Will the Lenten roses survive? Yes. Will their flowers get frozen? Some of them, yes, but it really depends on the plant. Helleborus niger, for instance (aka the Christmas rose), is flowering absolutely normally and at just the right time of year. You can't fool it, and the temperatures can get well down into the twenties and even the upper teens (Fahrenheit, for those of you who read the blog in other parts of the world--we still use it here) and the blooms will be just fine. If a few of the wide open blooms get frozen, more buds will appear from below ground and new flowers will appear. This is especially true of the newer hybrids like 'Jacob' and 'Josef Lemper'.

Helleborus orientalis 'Sally'. These fully open blooms will hold up well, even down into the 20's, but if we get into the teens, the blooms will probably be lost. The plant, however, will re-grow normally in the spring.
I'm a little more concerned about some of Helleborus x hybridus types that are flowering WELL ahead of their normal season, which usually doesn't begin until late February. They are fully two months early and some have flowers completely open. These will probably get frozen, as we'll most assuredly have some temperatures cold enough to kill the open flowers. Those that are tightly budded and whose buds are still hovering at ground level will be just fine. They're built to withstand the cold, so don't despair! And even for those with flowers fully open, the plants themselves are not at risk.
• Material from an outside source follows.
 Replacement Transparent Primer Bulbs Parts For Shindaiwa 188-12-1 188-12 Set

You may lose this year's blooms, but the plant will grow normally in spring and will get right back to its normal cycle next year.
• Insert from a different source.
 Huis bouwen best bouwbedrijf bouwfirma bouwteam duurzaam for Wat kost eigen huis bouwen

What about the cherries and the forsythia and the winter jasmine that I see blooming around town? What will happen to those? What about my saucer magnolia? It already has blooms, you know!
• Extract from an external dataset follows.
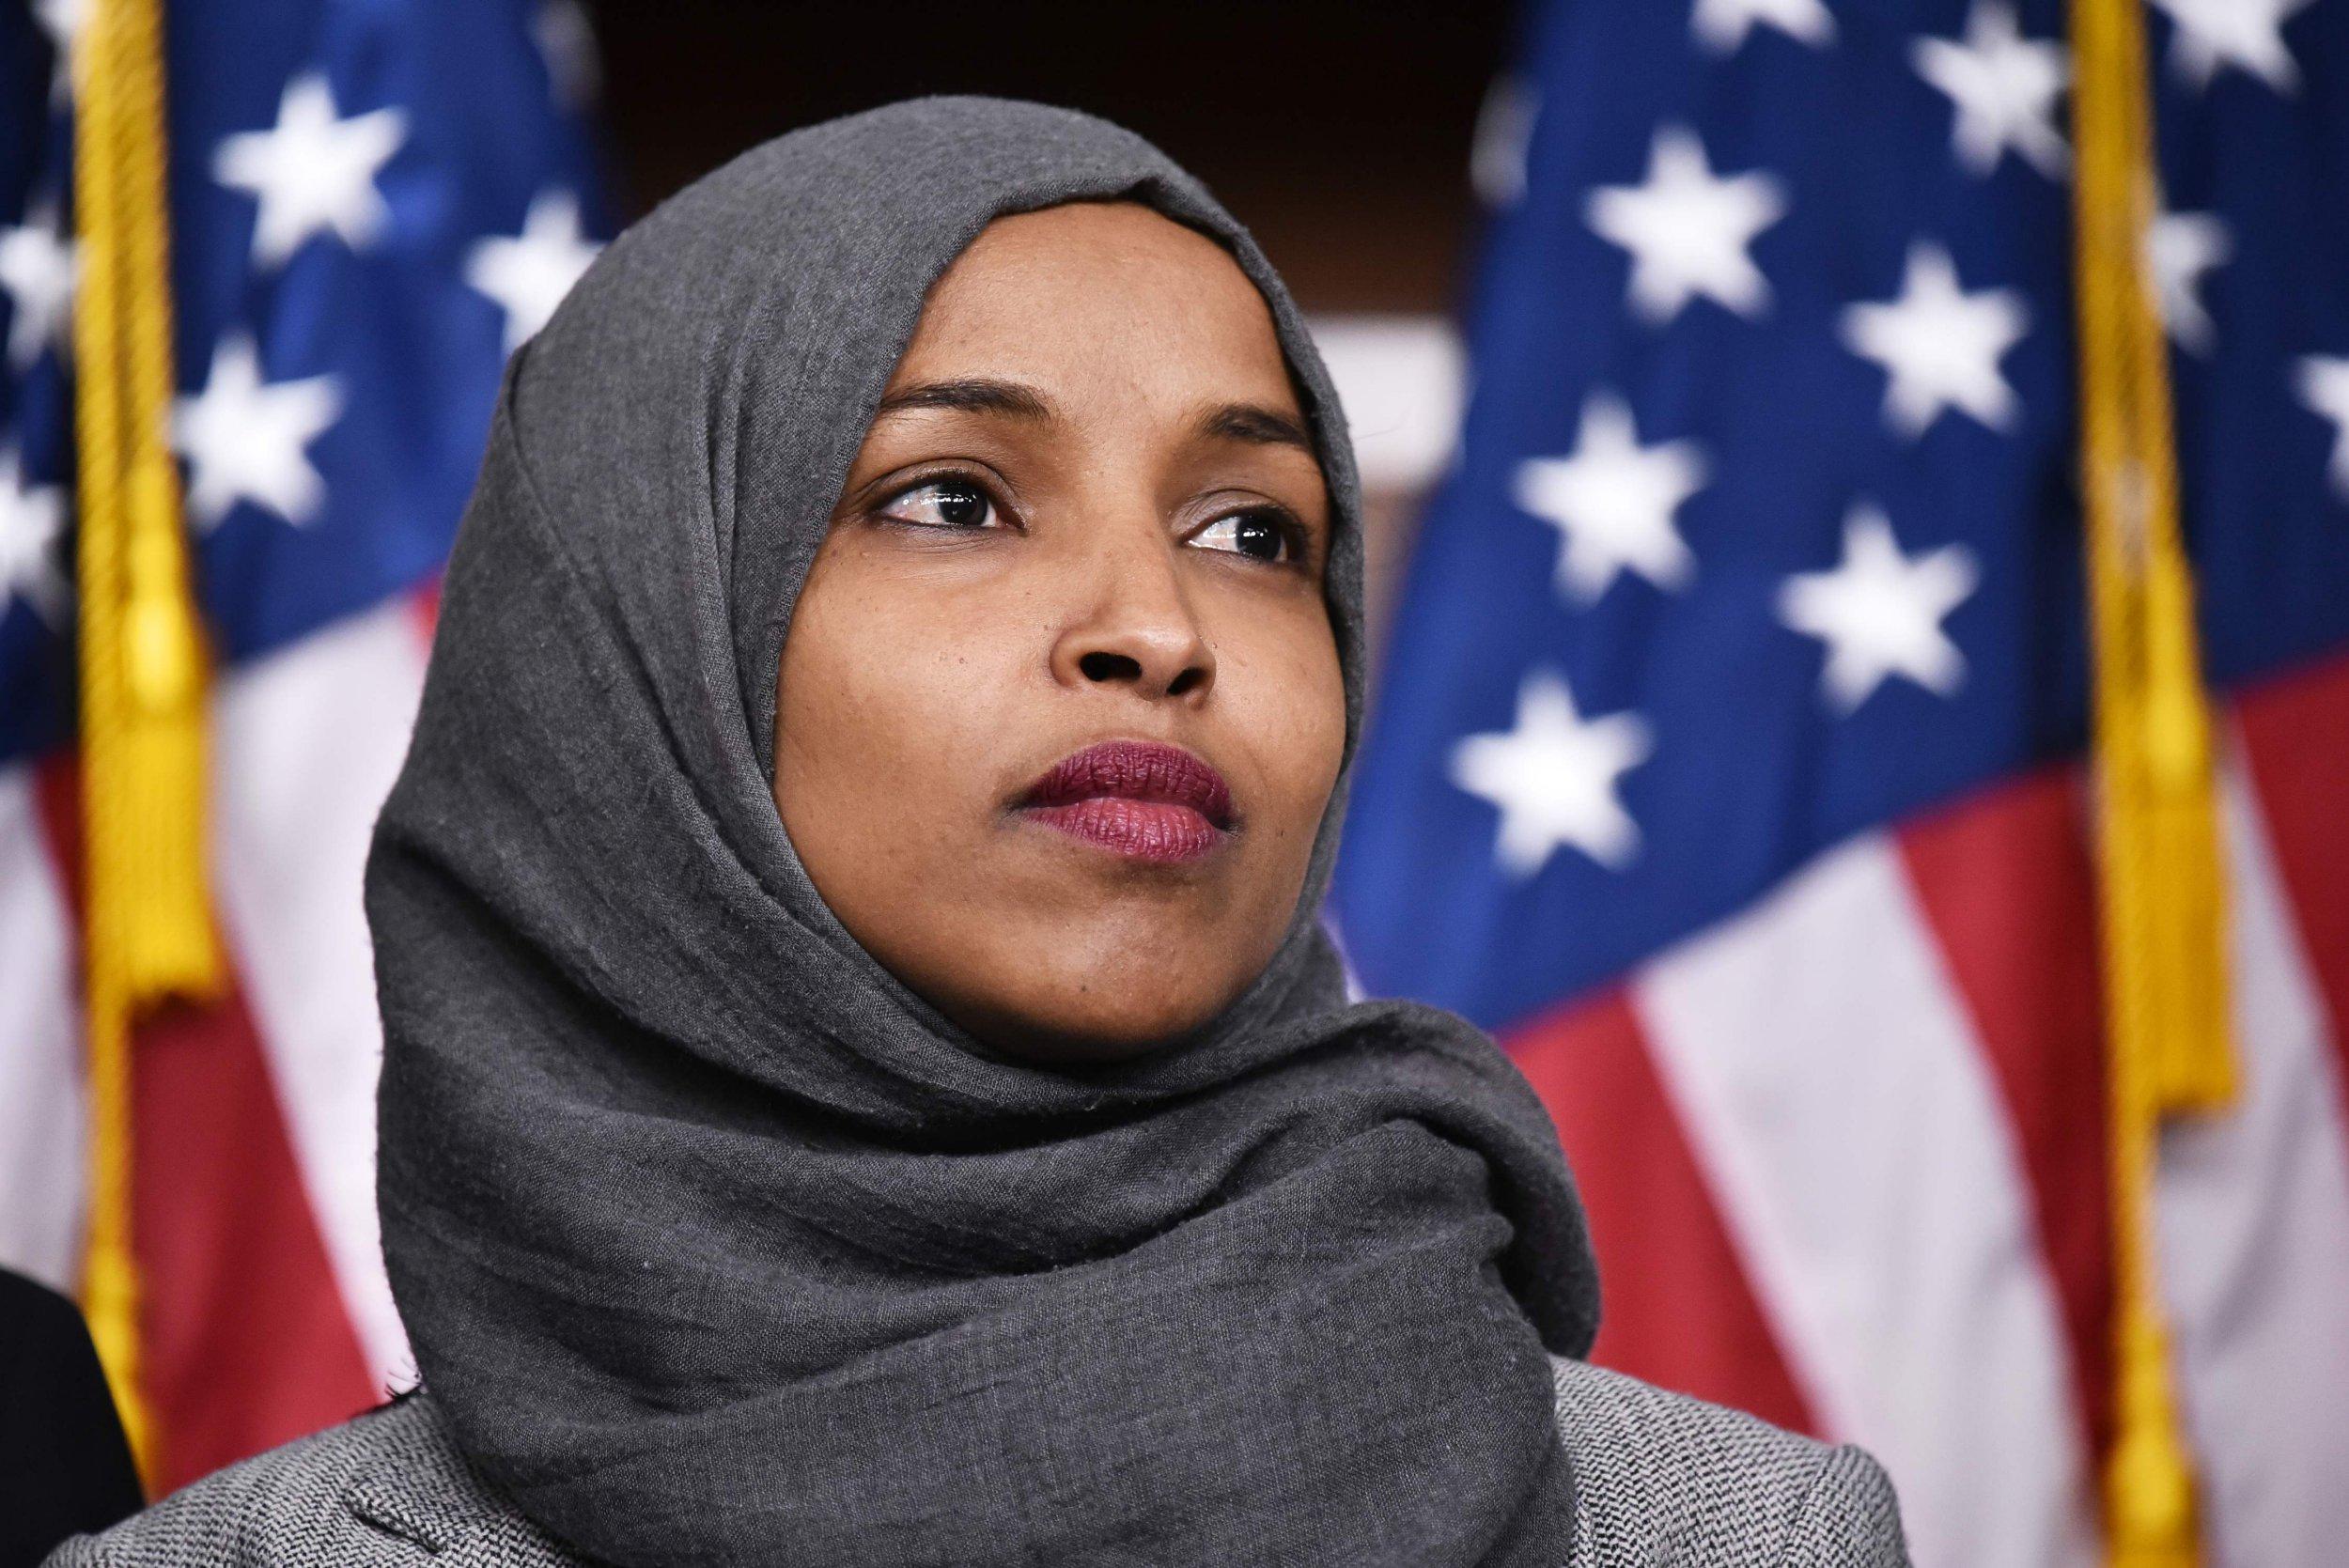 Donald Trump targets Muslim congresswoman with graphic 9/11 video

The answers to these questions vary, but here's the gist of it. The cherries you're seeing in "full" bloom now are almost certainly one of two varieties--Prunus subhirtella var. autumnalis or a hybrid called 'Hally Jolivette'. It is PERFECTLY NORMAL for either or both of them to flower during the mild days of autumn and into winter when we have one as mild as we've had this year. If you have 'Yoshino' or 'Kwanzan' cherries (far more common in the landscape), you'll notice that they are still tightly budded. They'll flower in spring at their normal time because they have to have a certain amount of cold weather to break their dormancy. We haven't had that cold weather, yet, so they're hanging out, cooling their heels until we do. Plants are so smart! The same applies to your apple trees, pear trees, fruiting cherries and plums, etc. etc. They have built in mechanisms that keep them from flowering too early and getting frozen (late spring frosts can get them, but they'll rarely--if ever--bloom in winter). As for forsythia, a few blooms may open now, but most will be saved for later. No worries there. And the winter jasmine (Jasminum nudiflorum) is a risk-taker, anyway. Some years we get a full show and some years we don't. Enjoy it now! The same goes for the saucer magnolias. You can't cover a big tree with a sheet and its blooms are so cold sensitive that it wouldn't do you any good, even if you could. Choose your battles!

I am sad about my quince. Its spring show is one that I look forward to every year, but its buds--while still tightly closed--are expanded so far that they are showing color. If winter continues to be mild and we don't experience temperatures too far down into the teens, I may be lucky enough to still get a show. Quince is very tough! But-- when the buds are expanded far enough to show color, they are much more susceptible to cold damage, so I'll just hope for the best.

The quince is really budded up and even showing some color. I figure it has a 50/50 chance of flowering. If temperatures cool down, the buds can stay like this indefinitely and bloom normally in late February or early March. However, they're showing quite a bit of color and if we have temperatures down into the single digits (or even low teens) the show is probably over for this year. These things do happen!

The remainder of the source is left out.